BI-HEX®-GlymaxX® cells enable efficient production of next generation biomolecules with enhanced ADCC activity

Abstract

Background Despite the succes story of therapeutic monoclonal antibodies (mAbs), a medical need remains to improve their efficacy. One possibility to achieve this is to modulate important effector functions such as the antibody dependent cellular cytotoxicity (ADCC). The advantage of highly active biotherapeutic molecules is apart from the enhanced efficacy the reduction of side effects due to lower administered doses. Furthermore, these therapeutic antibodies may enable treatment of current nonresponders, e.g. patients with low antigen bearing tumors. Enhancement of the effector functions of antibodies can be achieved either by directly mutating the antibody’s amino acid sequence or by modifying its glycosylation pattern, e.g. by using a novel host cell line able to attach a desired glycostructure to the product. The latter approach has the advantage of not impacting the antibody structure itself, thereby avoiding negative effects on the PK/PD of the molecule. During the last decade it has been shown that antibodies with a reduced level of glycan fucosylation are much more potent in mediating ADCC, a mode of action particularly relevant for cancer therapeutics.
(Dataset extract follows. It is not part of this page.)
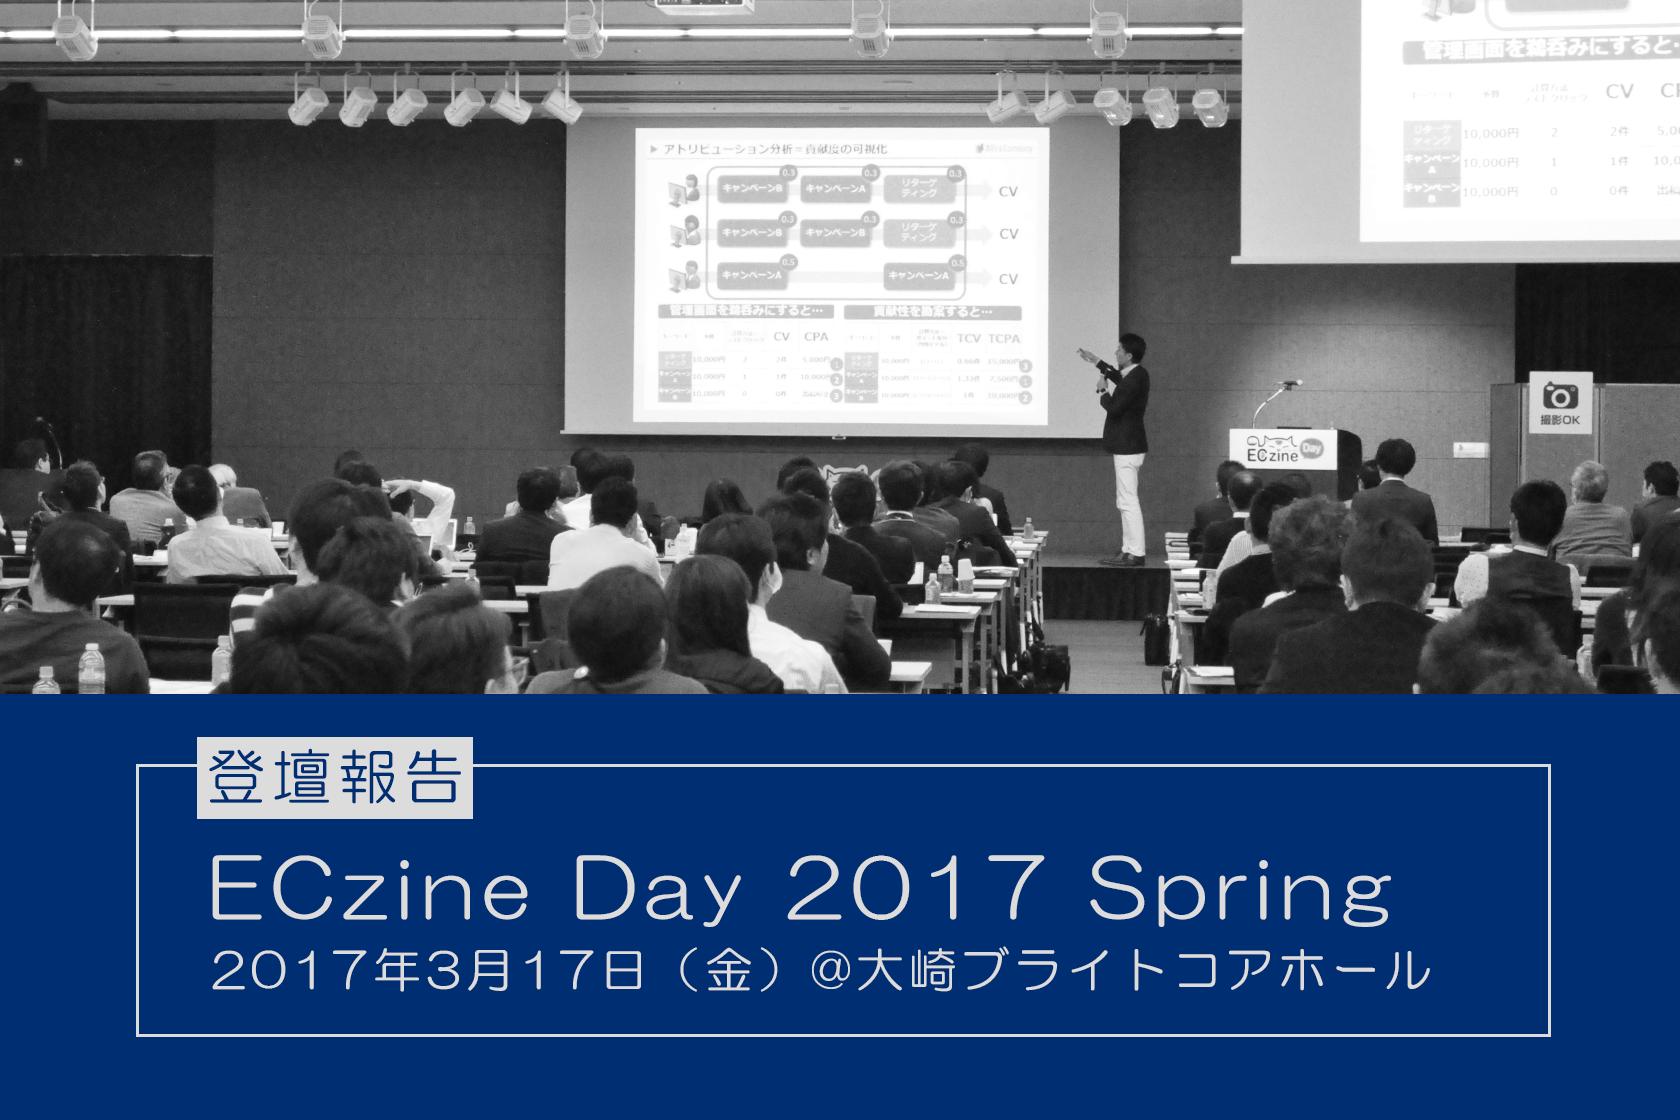 『ECzine Day 2017 Spring』に登壇しました

Therefore, defucosylated antibodies are of major interest for biotherapeutics developers. To produce such antibodies, Boehringer Ingelheim has inlicensed the GlymaxX system from ProBioGen, Germany. This technology utilises the bacterial protein RMD (GDP-6-deoxy-D-lyxo-4-hexulose reductase) which, when stably integrated into host cell lines, inhibits fucose de-novo biosynthesis. The enzyme deflects the fucosylation pathway by turning an intermediate (GDP-4-Keto-6-Deoxymannose) into GDP-Rhamnose, a sugar that cannot be metabolised by CHO cells. As a consequence, recombinant antibodies generated by such host cells exhibit reduced glycan fucosylation and 20100 fold higher ADCC activity. Here, we show the establishment of a new host cell line, termed BI-HEXGlymaxX which is capable of producing highly active therapeutic antibodies. We furthermore present data on the cell line properties concerning cell culture performance (e.g. titer, growth, transfection efficiency), process robustness and product quality reproducibility.